Forest owners, managers and policy-makers may remain unaware of the potential that the use of forest genetic resources offers for facilitating the adaptation of forests to climate change. We summarise the latest guidelines for foresters in England.

Forestry Horizons Occasional Paper, No.1

Forestry Horizons Occasional Paper, No.1

A working group of European Forest Genetic Programme (EUFORGEN) recently considered the use and transfer of forest reproductive materials or FRM in the context of the challenges of climate change.
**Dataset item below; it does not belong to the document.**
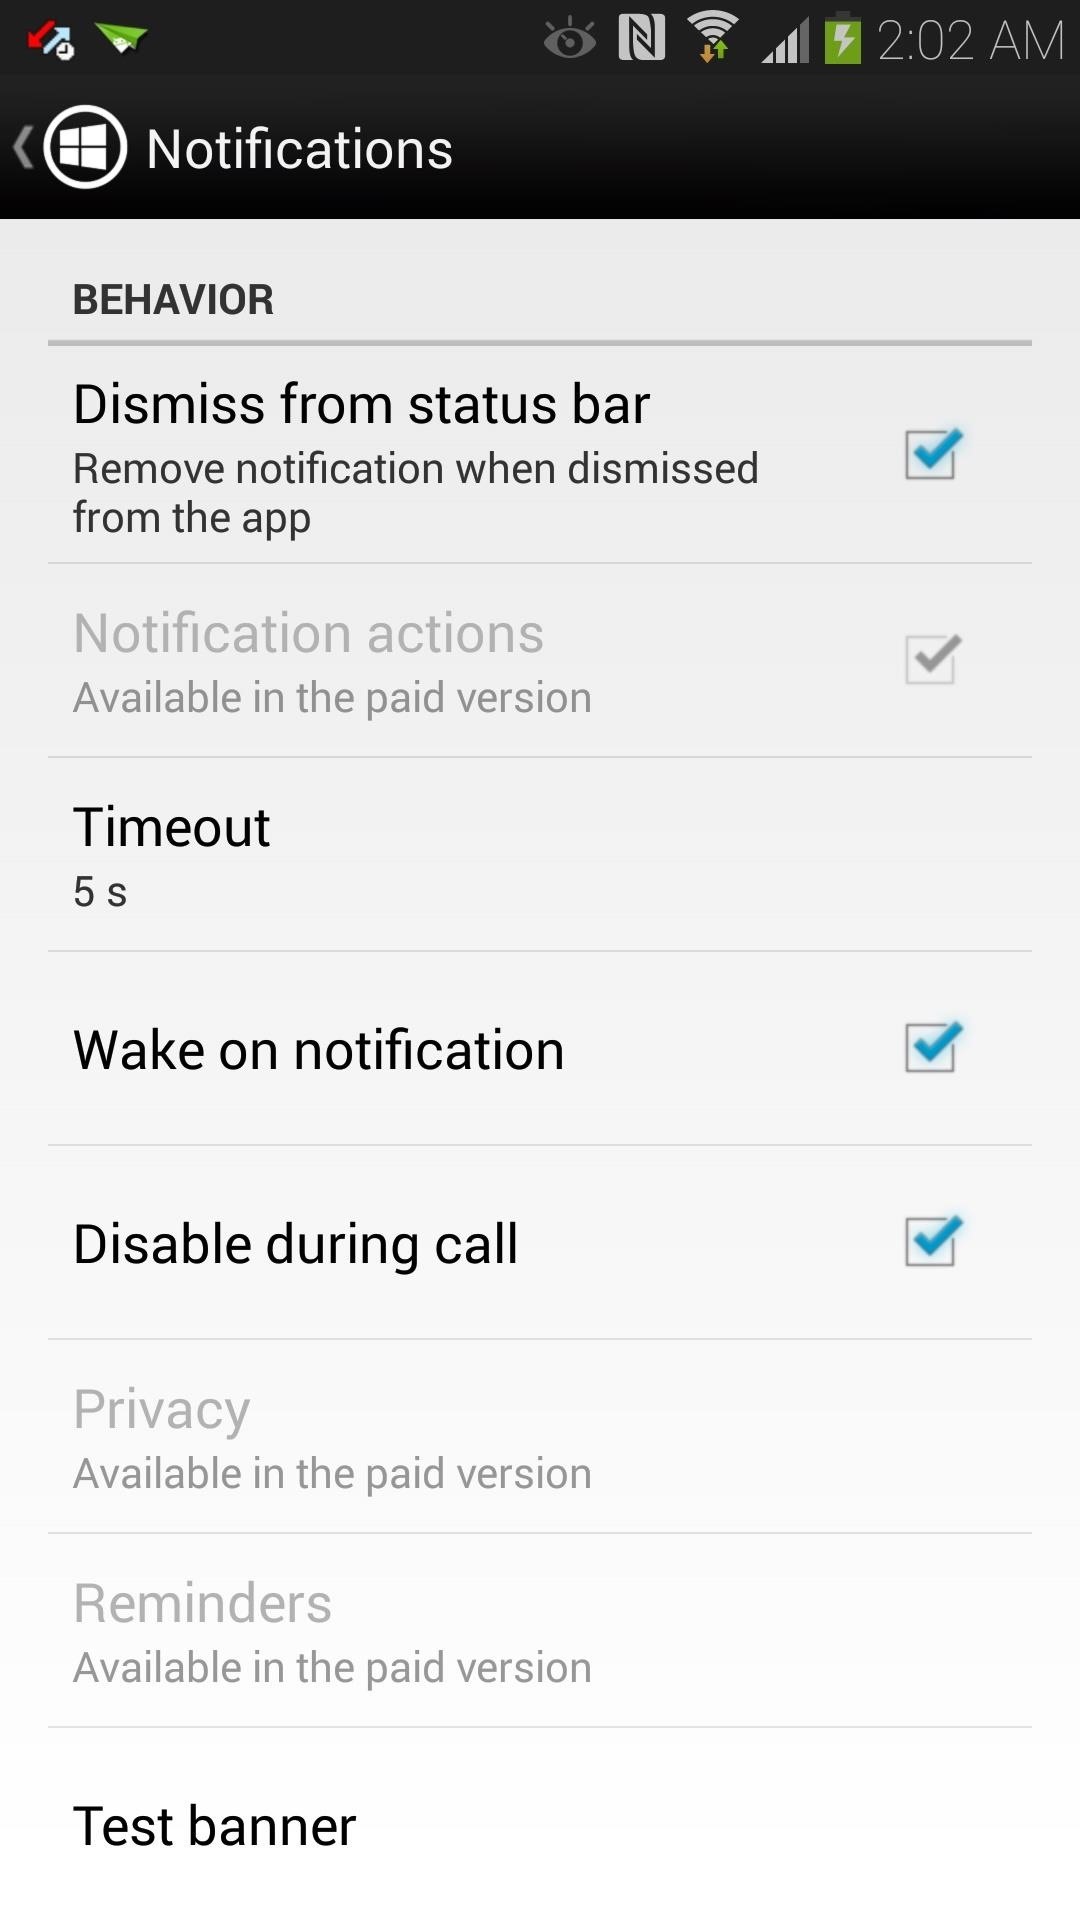 How to Get Windows Phone-Style Notifications on Your Samsung Galaxy S4

They examined scientific research on provenance and adaptation, including several case studies of transfer, the existing regulatory framework and recent policy developments, guidelines on FRM transfer and their scientific basis, and future challenges and opportunities.

Forestry Commission England asked the Forestry Horizons think-tank to consider this evidence and highlight practical information of importance to foresters. With the addition of specific geographic and policy advice the paper has been made particularly relevant to the forestry sector in England.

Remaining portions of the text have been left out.